I hear the 290 calling my name. She wants to be up and around. You up to another session of "Brain-Picking?"

Later,
Jim


----------



## Reckers (Oct 11, 2009)

Jim,

Let's start with wire: dealer's choice. I'd go with what's easiest for you, provided the gauge is the same.

Let Willie dance, and devil take the hindmost. *L* You can always replace it later. There's always room for whimsy and creativity. Finally, I'm going to suggest a delay on the Brain-Picking, simply because I'm going to be off-line shortly. I'm at work, right now. Will be computer accessible till about 11:30 edt, then across town in meetings till suppertime, tonight. I may get on a few minutes this evening, but we're in the last stages of packing before the move. Tomorrow, I'll be online briefly---gone by 8:30 am to more meetings across town. My boss gets nervous if I'm not close by when equipment is being leased. Will be there till the end of the workday. Then home to pack and move by the van-load. Saturday I rent a truck and clear the storage sheds; Sunday, we move mini-van loads all day, clean, and shut down the tv, pc, and get them ready to go. Monday is moving, with no pc service, yet. Tuesday, the internet gets hooked up but the honey-does commence. *L* So, I won't be much use to anyone till late next week. However, that's no reason for you to hold off looking at it, and I'll be happy to respond when I can. Just don't take a delayed response to indicate disinterest. I'd much rather be talking trains than to be doing what I'll be doing.


----------



## Stillakid (Jan 12, 2010)

You sound like your, "Cup Runneth Over!":laugh:

I'm sure that, even though I'll have a million questions, I can survive for a few weeks The real question is, "Will You?"
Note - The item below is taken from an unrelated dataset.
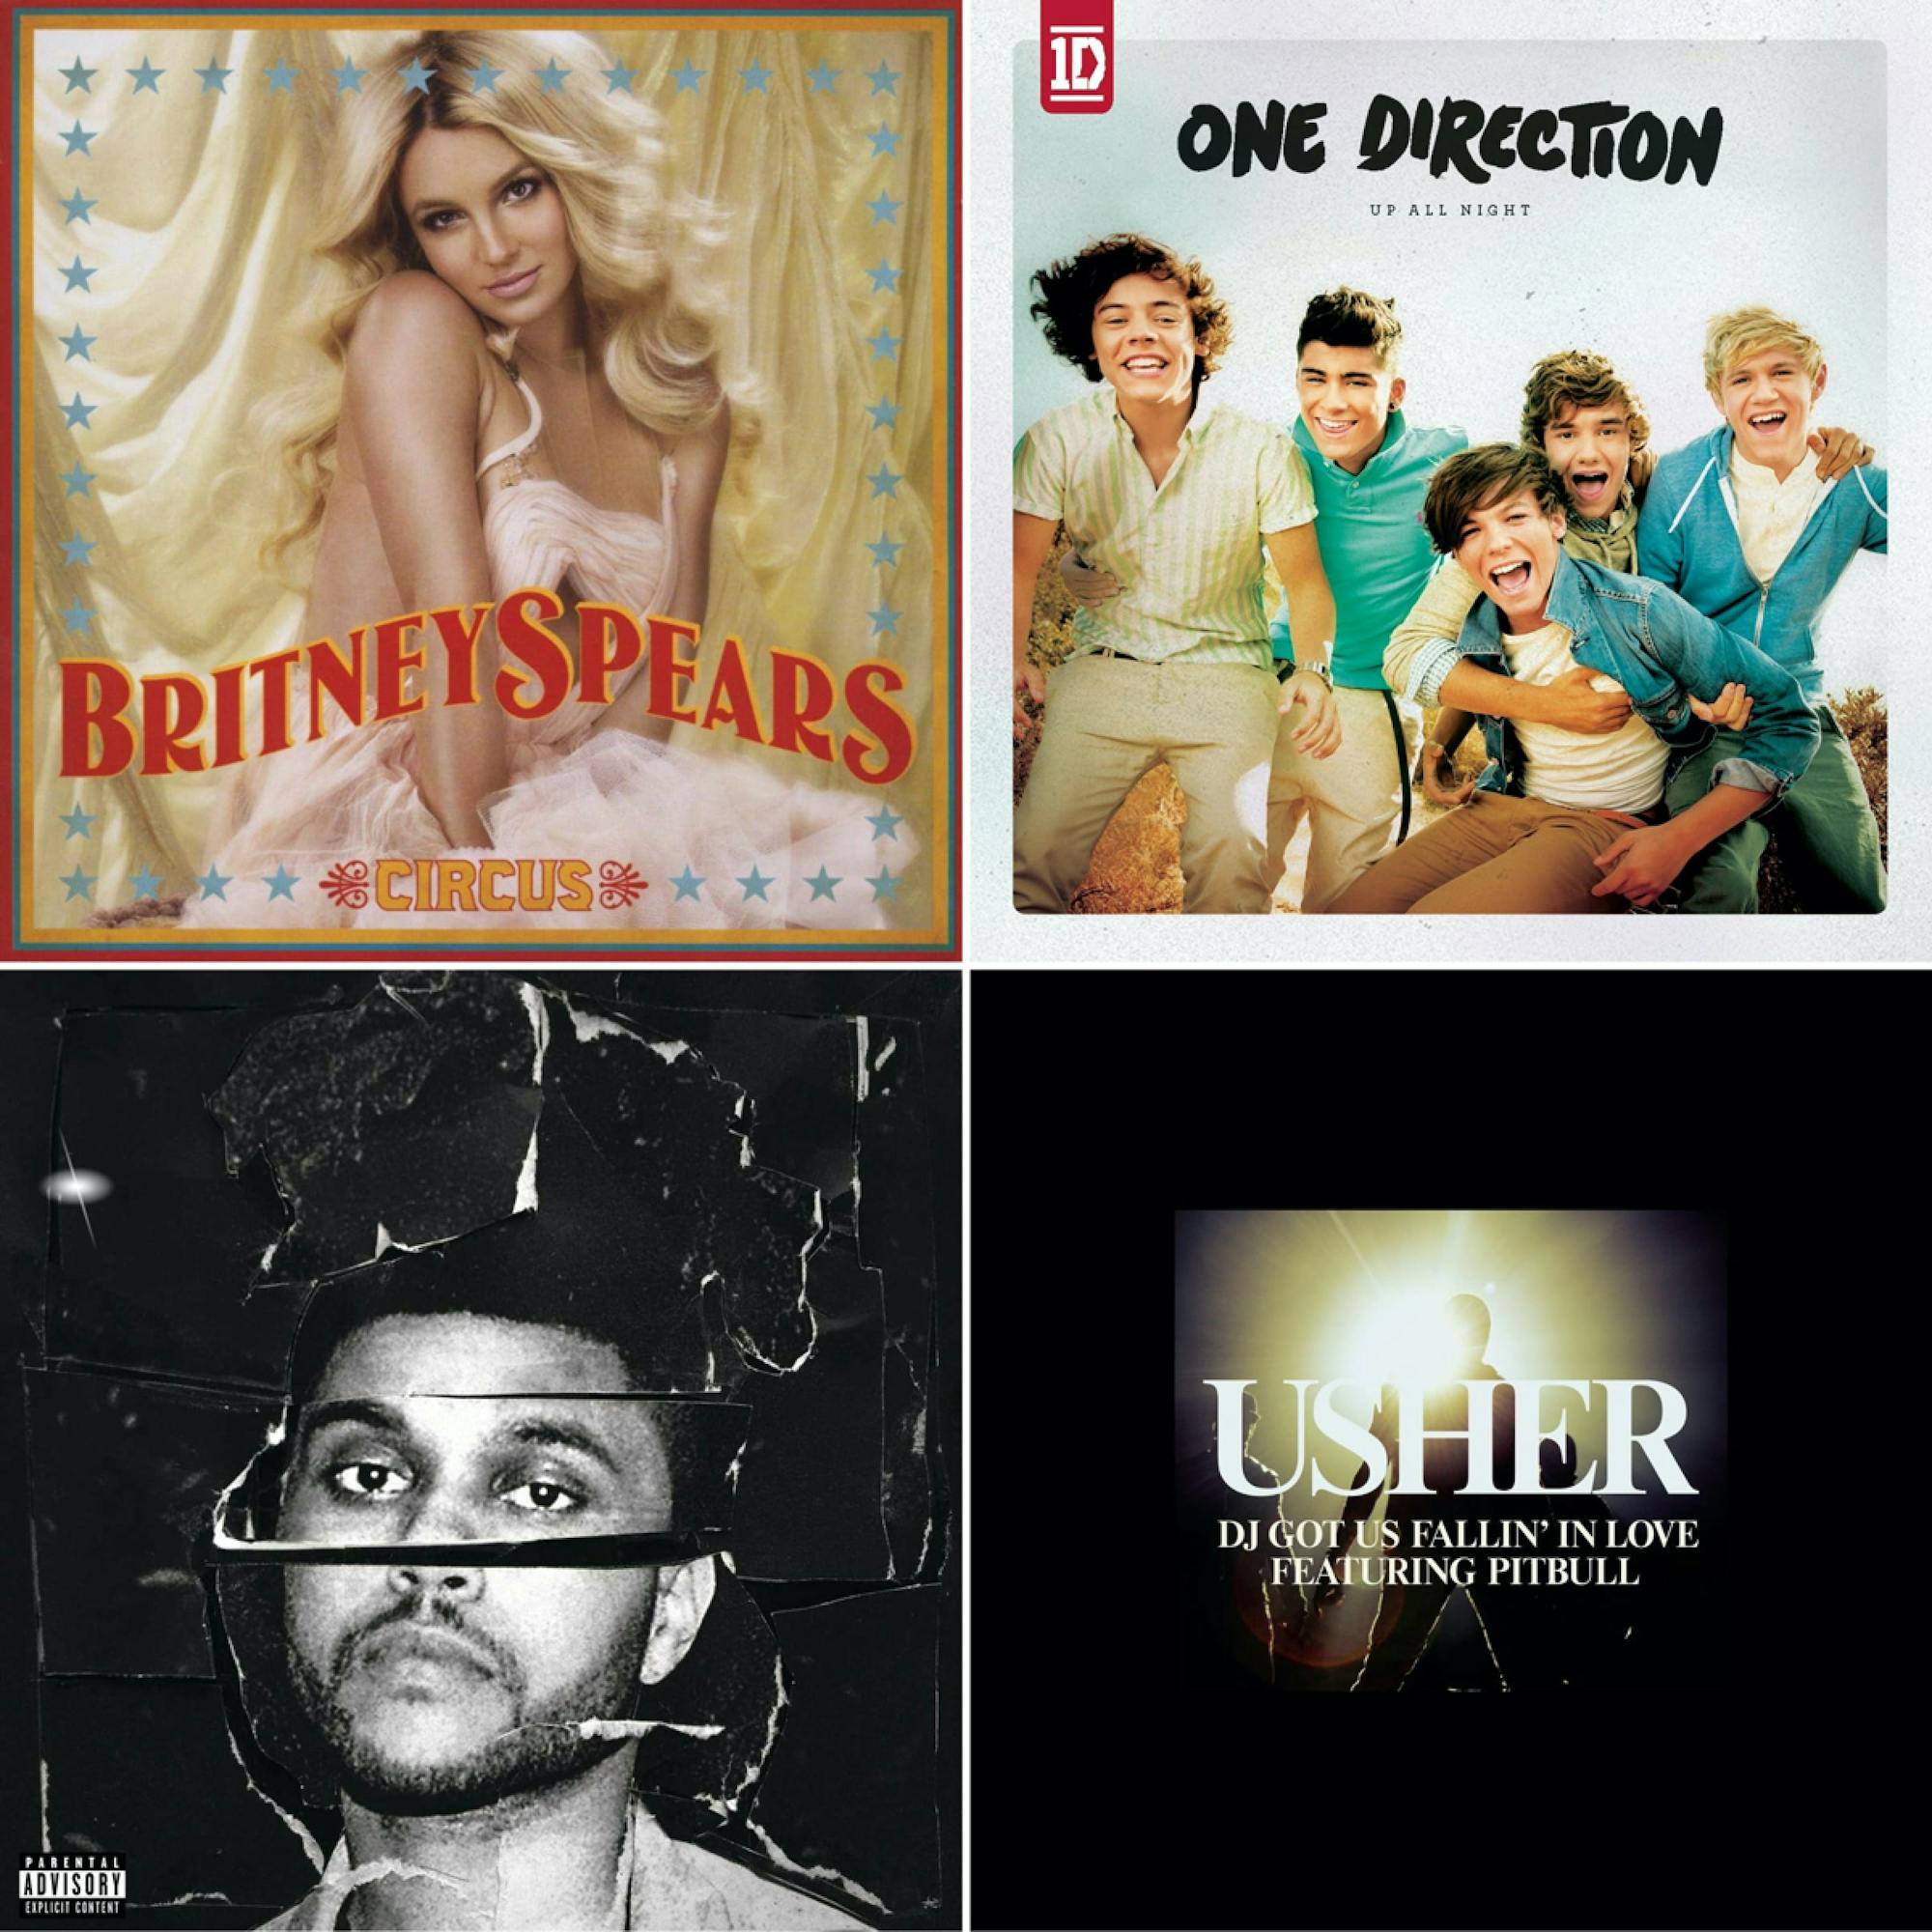 From top left to bottom right: Album or single covers for Circus by Britney Spears, Up All Night by One Direction, Beauty Behind the Madness by The Weeknd, and “DJ Got Us Fallin’ In Love” Featuring Pitbull by Usher.

Take care of yourself. The thought of being left here with only the "O+" guys is scary:laugh::laugh::laugh:

Thanks,
Jim


----------



## Reckers (Oct 11, 2009)

You'll do fine, Jim. Just remember those other gauges are collectively referred to as "Subordinate gauges" and deal with them in that manner. Have fun with your locomotives---my guess is you'll have them burning up the tracks long before I get the move over with!

Thanks,


----------